By: Scott Murray | Last Updated: 2019-04-18 | Comments | Power BI
What is the Power BI Key Influencer Visualization and how should I use it?
As Power BI continues to grow and features are added, new Microsoft developed visuals are being added. The Key Influencer Visual is actually not a custom visual developed outside of Microsoft, but is one of the normal visuals added to the default visual pick list. Of course there are plenty of custom visuals that you can choose from (see these tips for some great examples: Power BI Custom Infographics or Creating Custom Maps to Display Data with Power BI or Power BI Desktop Custom Visualization), but we are here to talk about the Key Influencer visual.
The Key Influencer Visual takes the next step toward detailed analytics within a visual by analyzing the selected data set, fields, and measures, and assigning specific "influence values" to input fields. This visual is progressing from a simple view of the data to integrating Microsoft AI features and analysis processing to produce a reporting set of values that are likely to influence a particular value. Furthermore, the behind the scenes work comes from Microsoft Artificial Intelligence infrastructure. Specifically, the visual uses machine learning to run regression analysis on the data to model the influencer and segmentation data.
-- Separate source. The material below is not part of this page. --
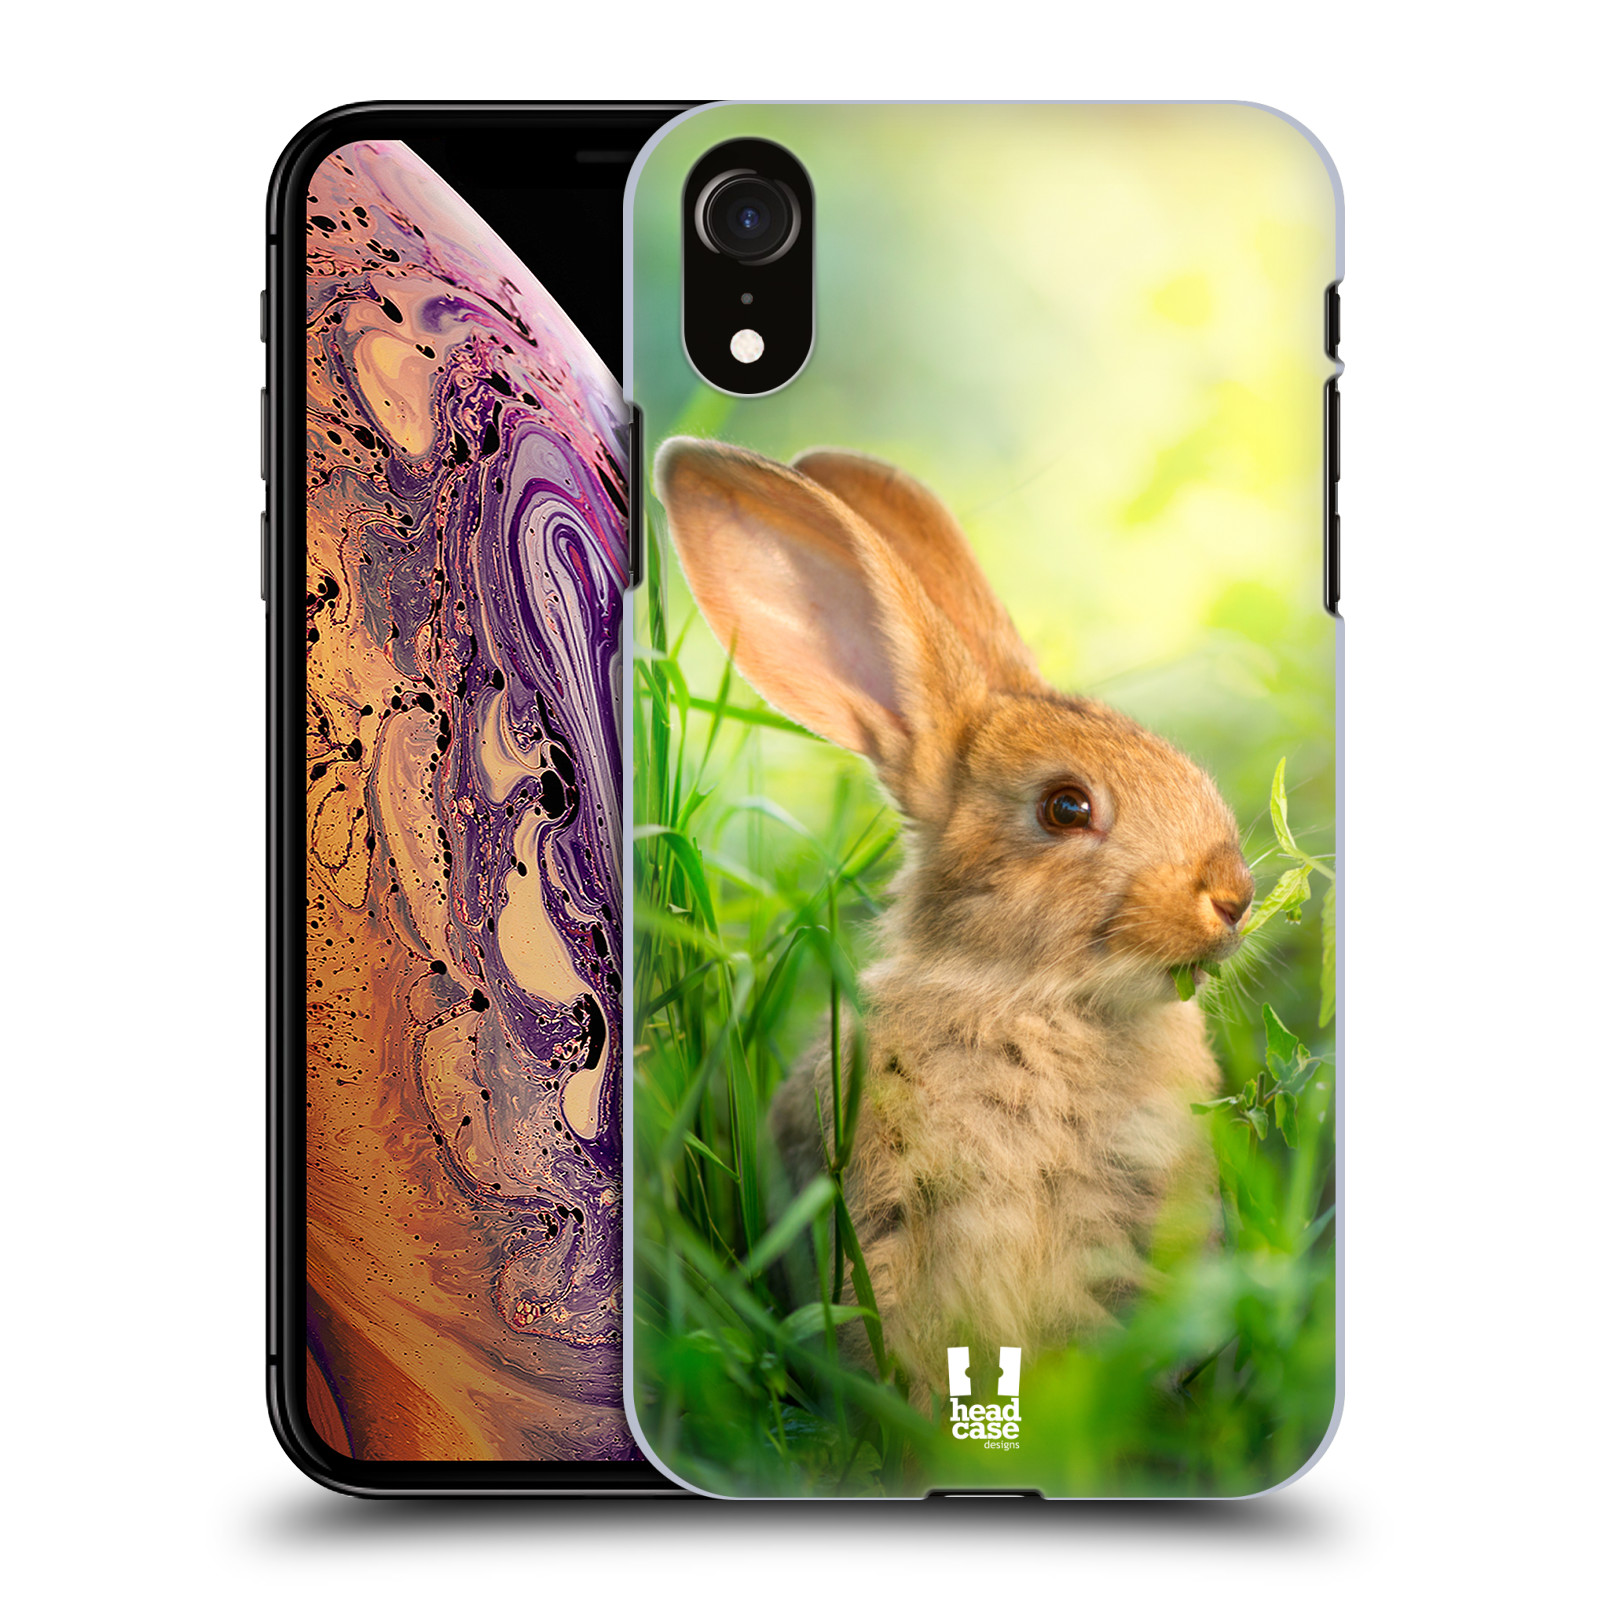 HEAD CASE plastový obal na mobil Apple Iphone XR vzor Divočina, Divoký život a zvířata foto ZAJÍČEK V TRÁVĚ ZELENÁ
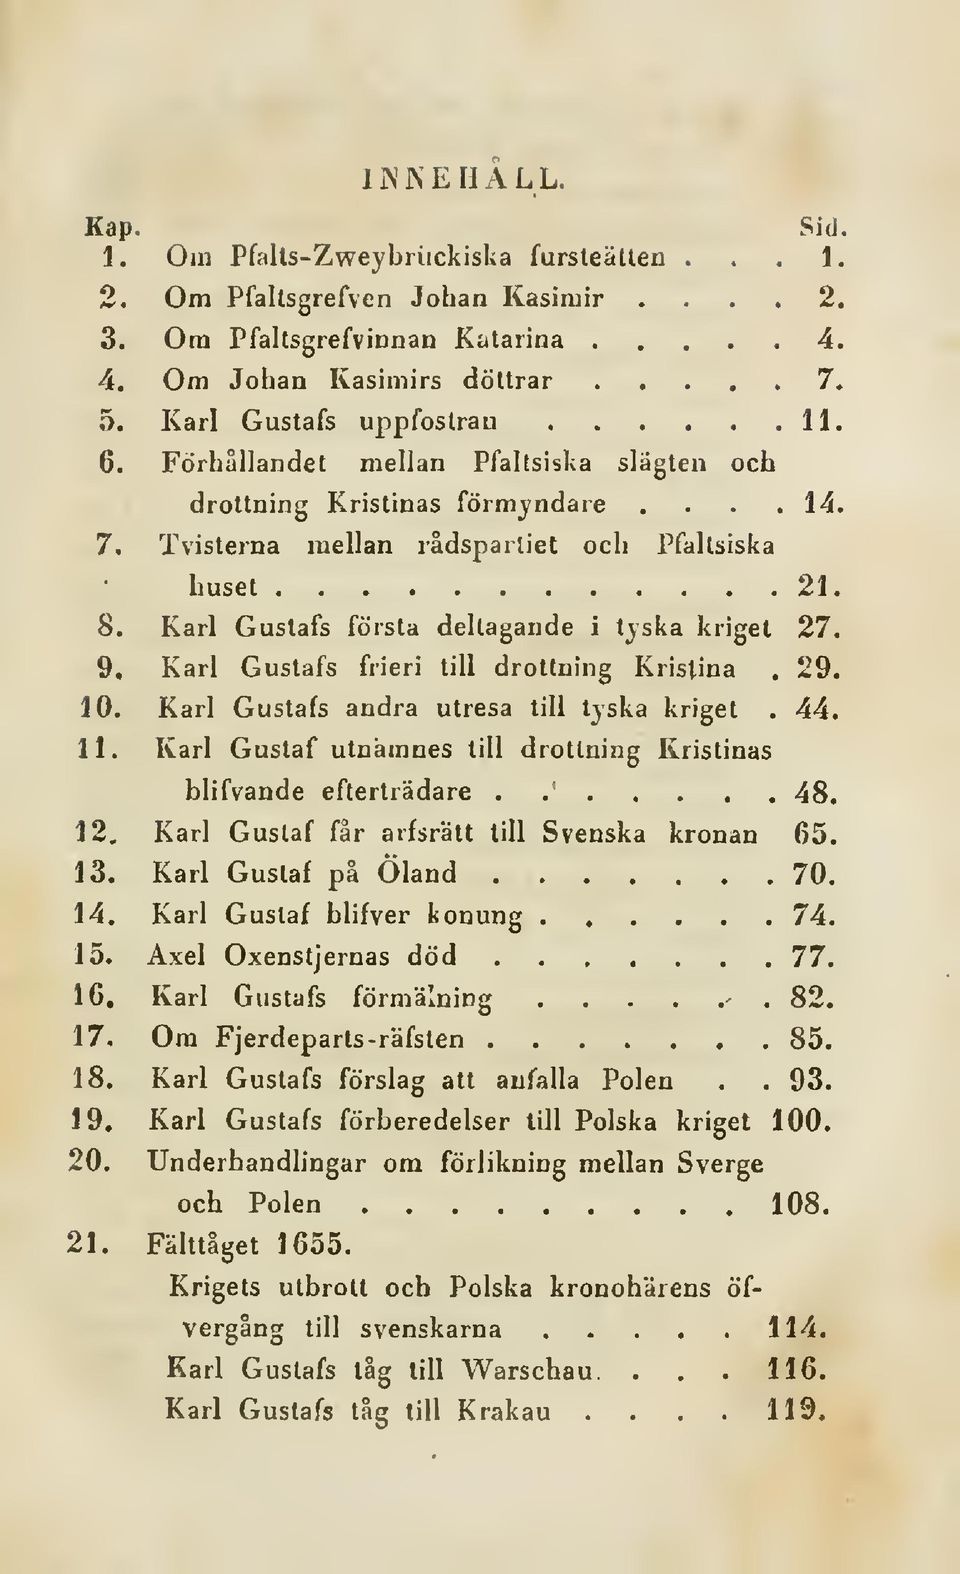 Karl Gustafs första deltagande i tjska kriget 27. 9. Karl Gustafs frieri till drottning Kristina. 29. 10. Karl Gustafs andra utresa till tjska kriget. 44. 11.

It is looking to identify, based on the selected category values, which values influence the designated metric being evaluated. The evaluation ranks the categories from most influential to least influential. Furthermore, the evaluation performs a second set of analysis in order to create distinct segments which group the various categories into segments of influence. These segments create a "picture" of the most common categories that are grouped together to produce a significant result in the metric being evaluated. I am sure going through the below example will assist with seeing the power of this new visual.
Before we get into an example, you need to be sure to download the latest version of Power BI desktop from: https://powerbi.microsoft.com/en-us/get-started/. The download and install process has changed, in that it now uses the Microsoft Store to complete the install. For those wanting the more traditional download and install method, you can still use this site: https://powerbi.microsoft.com/en-us/desktop/. Additionally, we will be using the AdventureWorks 2016 database as a basis for our data sources; this database can be downloaded from GitHub at: https://github.com/Microsoft/sql-server-samples/releases/tag/adventureworks.
What the Power BI Influencer Visual Can Do!
Depending on the version of Power BI Desktop that you are using, you may need to enable the Key Influencer feature in order to leverage its use. To enable this feature, navigate to File > Options and Settings > Options; then, click on the Preview features in the left menu, and finally as shown below, check the Key Influencer visual option.
Once enabled, the new Key Influencer visual is now available in the gallery.
Prior to diving into an example, we need to complete some setup work. For this tip, we will be using the AdventureWorks2016 database as our data source (take a look at these tips Querying SQL Server Data with Power BI Desktop or Connect to on-premises data sources with Power BI Personal Gateway as some examples for connecting to various data sources).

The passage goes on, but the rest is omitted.